Bulgaria Adopts Euro As Its Official Currency
Bulgaria joined the EU in 2007 but only met the eurozone’s entry requirements in January 2025, after years of political instability delayed the process.

Bulgaria, the European Union’s poorest member state, has switched to the euro, moving ahead of countries such as Poland, the Czech Republic and Hungary. In cities, many young and business-minded Bulgarians see the change as a positive step. But in rural areas, especially among older people, the move away from the lev has triggered anxiety and resentment, with fears that the euro could bring economic trouble. As a result, the transition has become politically sensitive.
Bulgaria joined the EU in 2007 but only met the eurozone’s entry requirements in January 2025, after years of political instability delayed the process. The criteria, set under the Maastricht Treaty, include strict limits on inflation, budget deficits, public debt, exchange rate stability and interest rates.

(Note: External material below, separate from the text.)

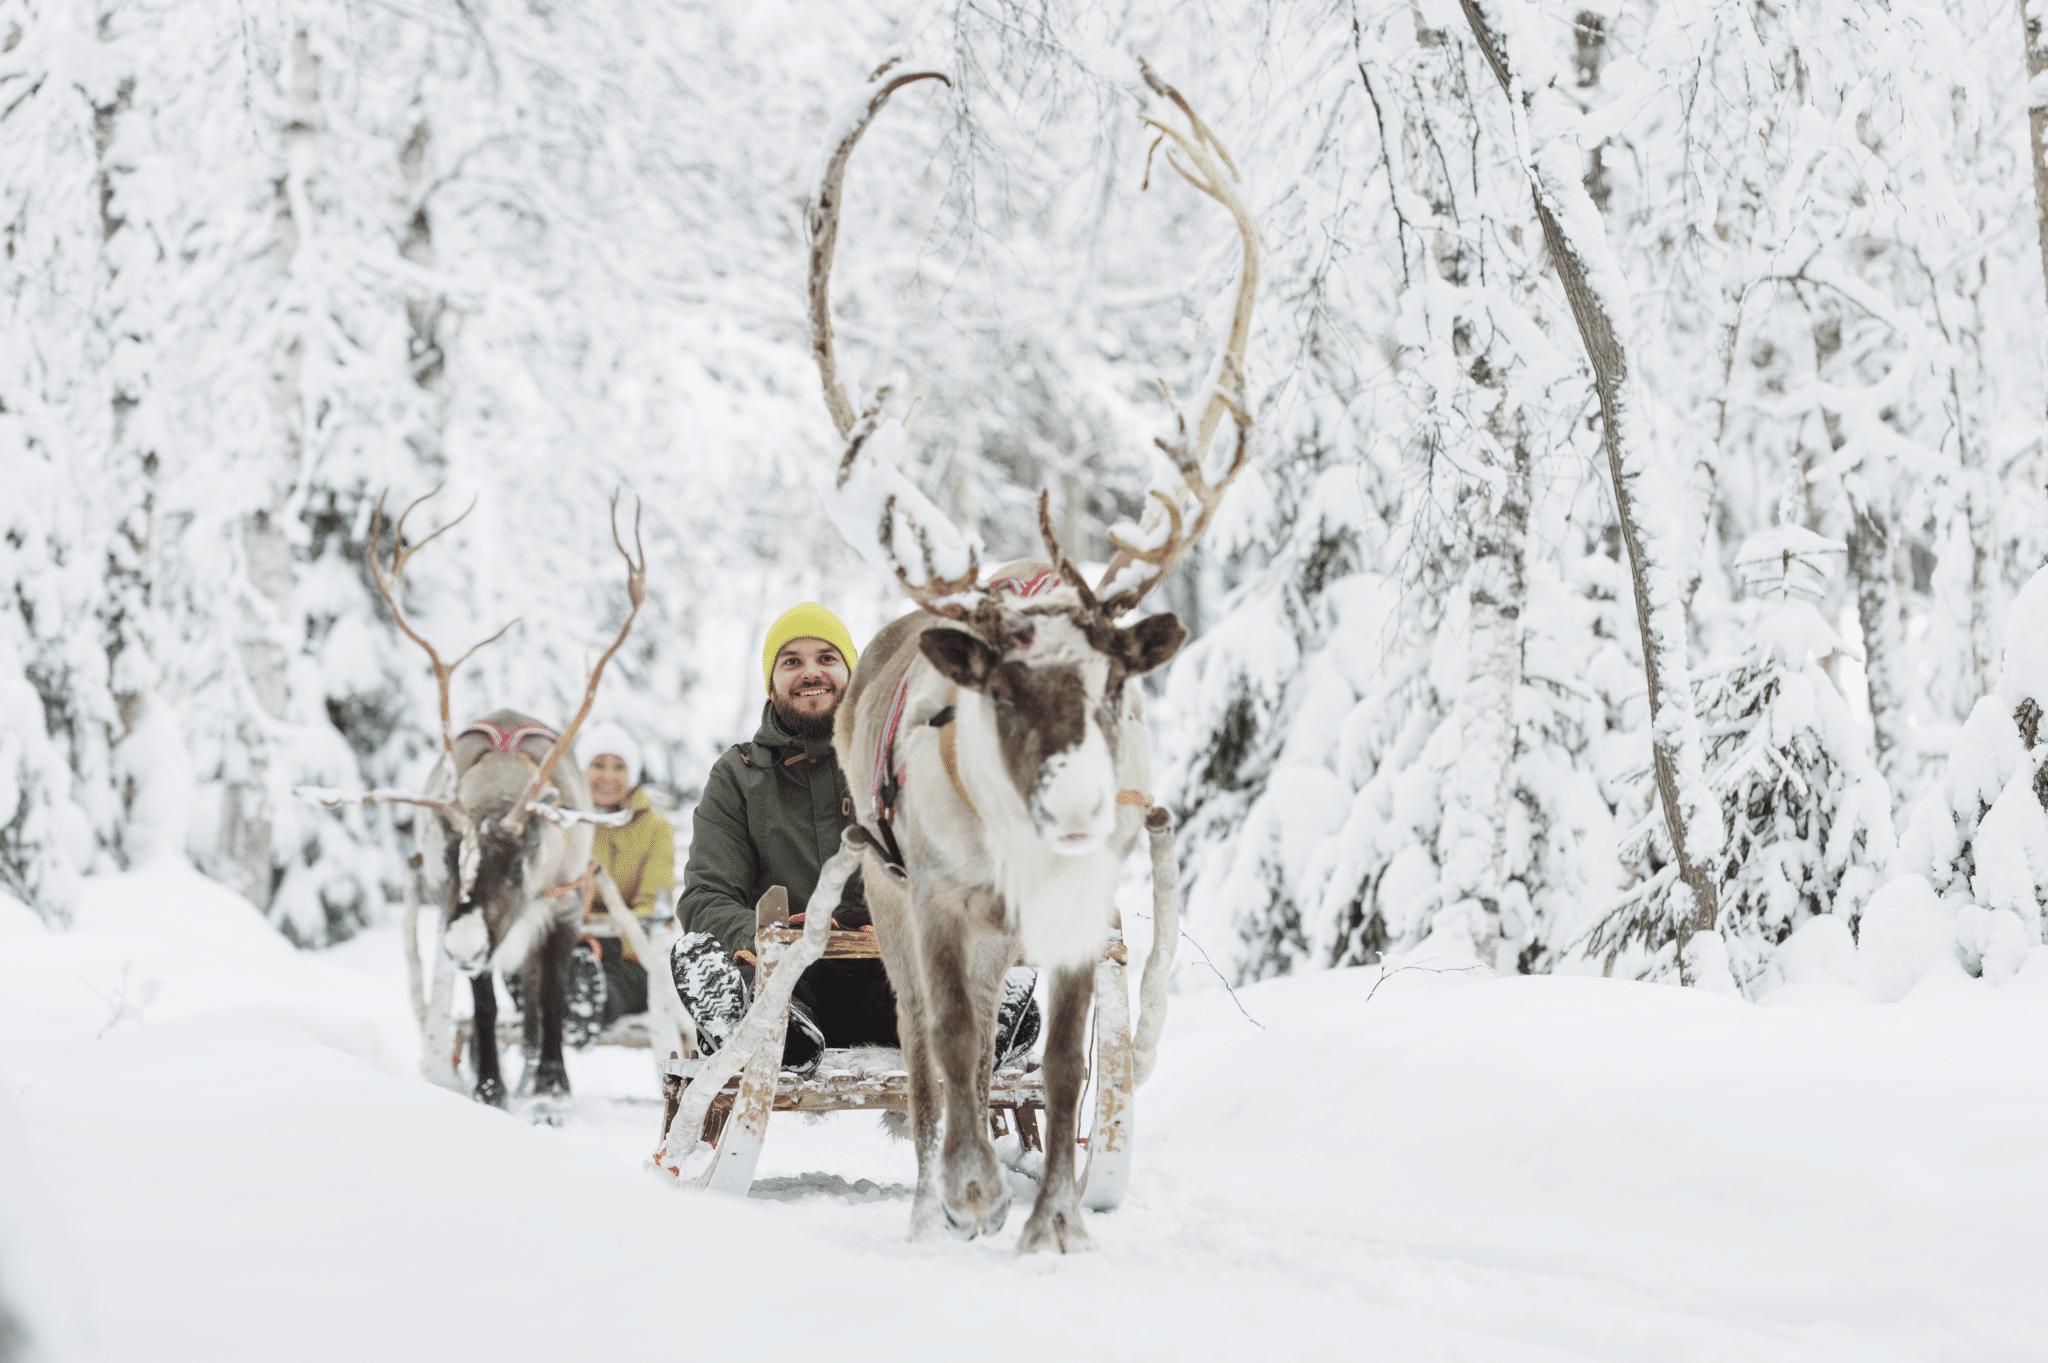 Rentierschlitten ©Juho Kuva

In January 2025, the EU formally confirmed that Bulgaria had met these conditions, clearing the way for euro adoption.
From August 2025, retailers were legally required to display prices in both lev and euro. One euro is fixed at 1.95583 lev, or roughly two lev. To address concerns over price rounding, consumer watchdogs were set up, and prices and bank balances were shown in both currencies ahead of the switch. Bank accounts are being converted automatically. For about a month, people can still pay with lev, though change is given in euros. After that, the old currency will gradually disappear from circulation. Lev can be exchanged for free at banks and post offices until June 30, while the Bulgarian central bank will continue to offer exchanges permanently.